There were 51 cases of rash, with commonly affected parts of the body including the face, trunk, chest, and abdomen. In most cases, rash manifested as painless dark-red congestive macular papules. The time of eruption was typically about 4 or 5 days after fever (Figure 7).

Eschar and ulcer

There were 59 (90.77%) cases of eschar or ulcer, including: 10 cases (16.95%) in the armpit; 8 cases (13.56%) on the ankle; 7 cases (11.86%) on the lower limb; 4 cases (6.78%) each on the abdomen and breast; 3 cases (5.08%) each on the neck, clavicle, thigh, and scrotum; 2 cases (3.39%) each on the waist, shoulder, around the belly button, and at the back knee; and 1 case (1.70%) each on the hand, upper limb, and buttock. In all cases, 2 (3.39%) cases had no less than two eschars or ulcers, and the remaining cases had only one (Figures 7,8).

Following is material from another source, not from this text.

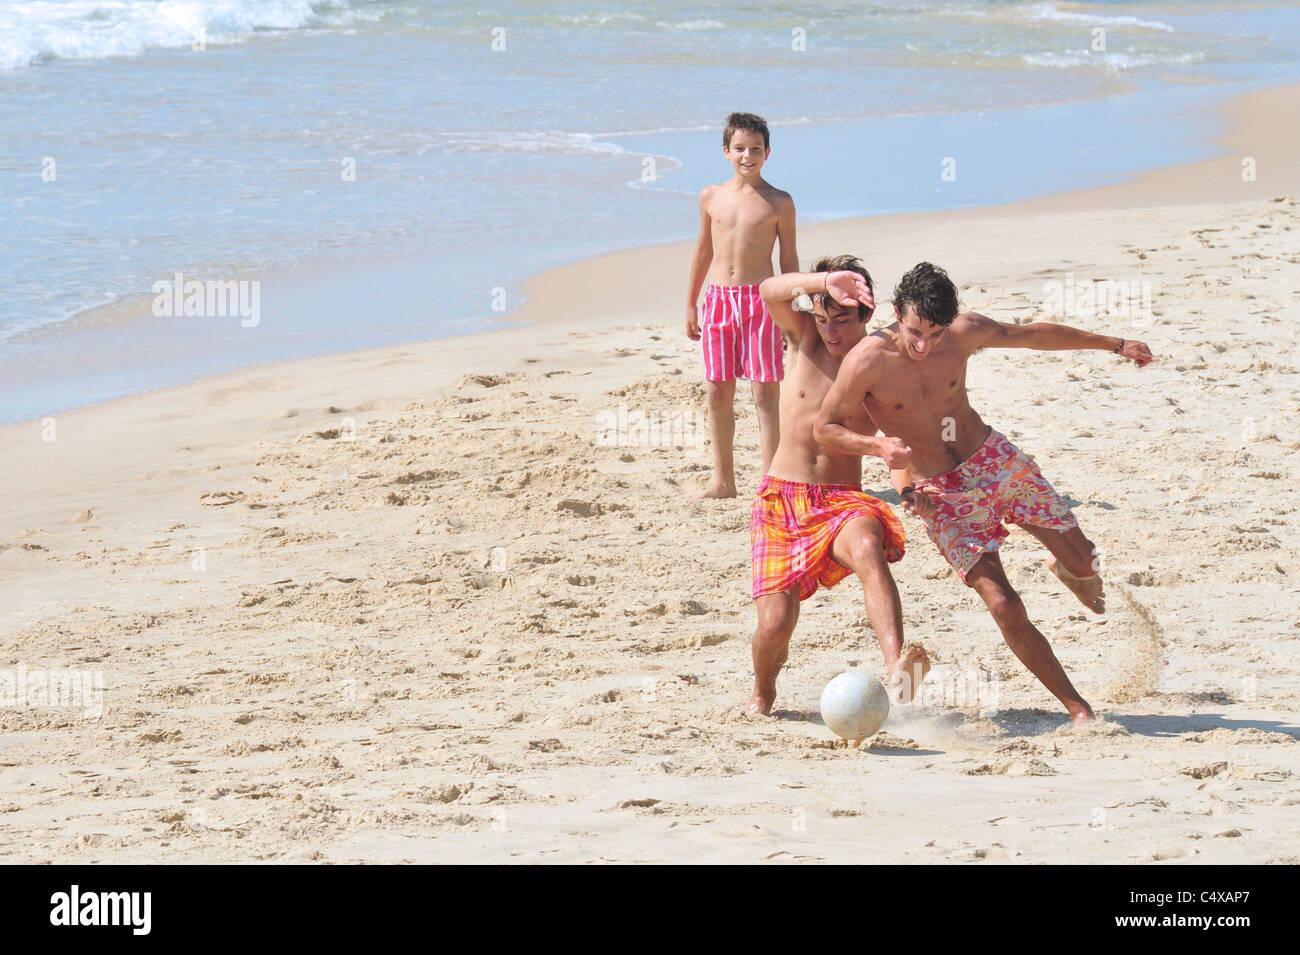 Israeli boys play football in the hot weather in Nitzanim beach, Israel. Stock Photo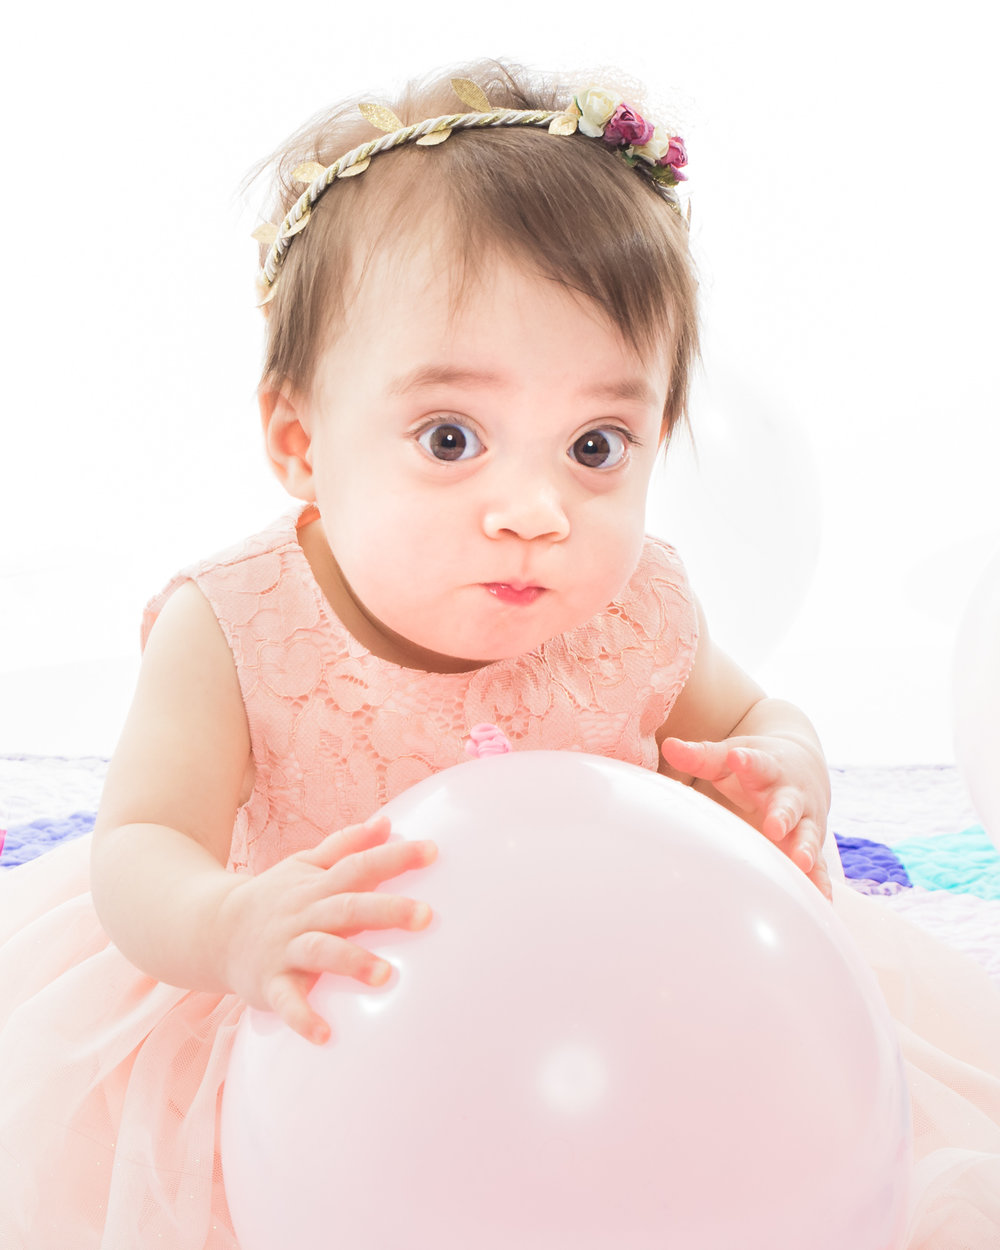 2018_February_04-Veronica_Sullivan_One_Year_Baby_Pics-44803-Edit.jpg

Figure 8 Images of partial eschar in patients with tsutsugamushi disease. (A) The eschar was located on the medial side of the left upper arm, and desquamation appeared in the center of the erythema; (B) the eschar was located on the inner right thigh with red pigmentation; (C) eschar on the right chest wall without painful or itchy; (D) the eschar was located on the right armpit; (E) black crusted lesion on the right lower abdomen with desquamation; (F) the eschar on the inside of the left upper arm fell off to form an ulcer with erythema.

Lymphadenopathy

There were 38 (58.46%) cases of enlarged lymph nodes, which were mainly located in the axilla (86.84%), followed by the inguinal region (40%), neck (32.31%), clavicle (18.46%), and behind the ear (3.08%). Twenty-one (32.31%) patients had enlarged lymph nodes in more than 3 places (Figure 7).

Splenomegaly

Splenomegaly was found in 8 cases (12.31%) by abdominal ultrasound (Figure 7).

Bulbar conjunctiva

There were 2 (3.08%) cases of bulbar conjunctiva hyperremia (Figure 7).

Clinical laboratory examination

Blood routine and inflammatory indexes

Among the 65 patients in the study, 56 patients (86.15%) had normal leukocytes, 5 cases (7.69%) of leukopenia (with the lowest being 2.8×10⁹/L), and 4 patients (6.15%) had leukocyte elevation. Almost all of the patients (61 cases, 93.85%) had a decreased eosinophil percentage. Fifty-two patients (80%) had normal platelets, 11 patients (16.92%) had thrombocytopenia (with the lowest being 45×10⁹/L), and 2 patients (3.08%) had elevated platelets (with the highest being 344×10⁹/L). Two cases (3.08%) had normal CRP and 63 cases (96.92%) had elevated CRP.

Biochemical indexes

Among the 65 cases, liver function was normal in 11 cases (16.92%) and abnormal in 54 cases (83.08%) (AST >40 U/L or ALT >40 U/L), the renal function was normal in 60 cases (92.31%), abnormal in 5 cases (7.69%), cardiac markers normal in 62 cases (95.38%) and abnormal in 3 cases (4.62%)..These biochemical results were provided by clinical laboratory Affiliated Hospital of Nantong University.

Blood coagulation

Nine (13.85%) patients had D-dimer elevation (Figure 9).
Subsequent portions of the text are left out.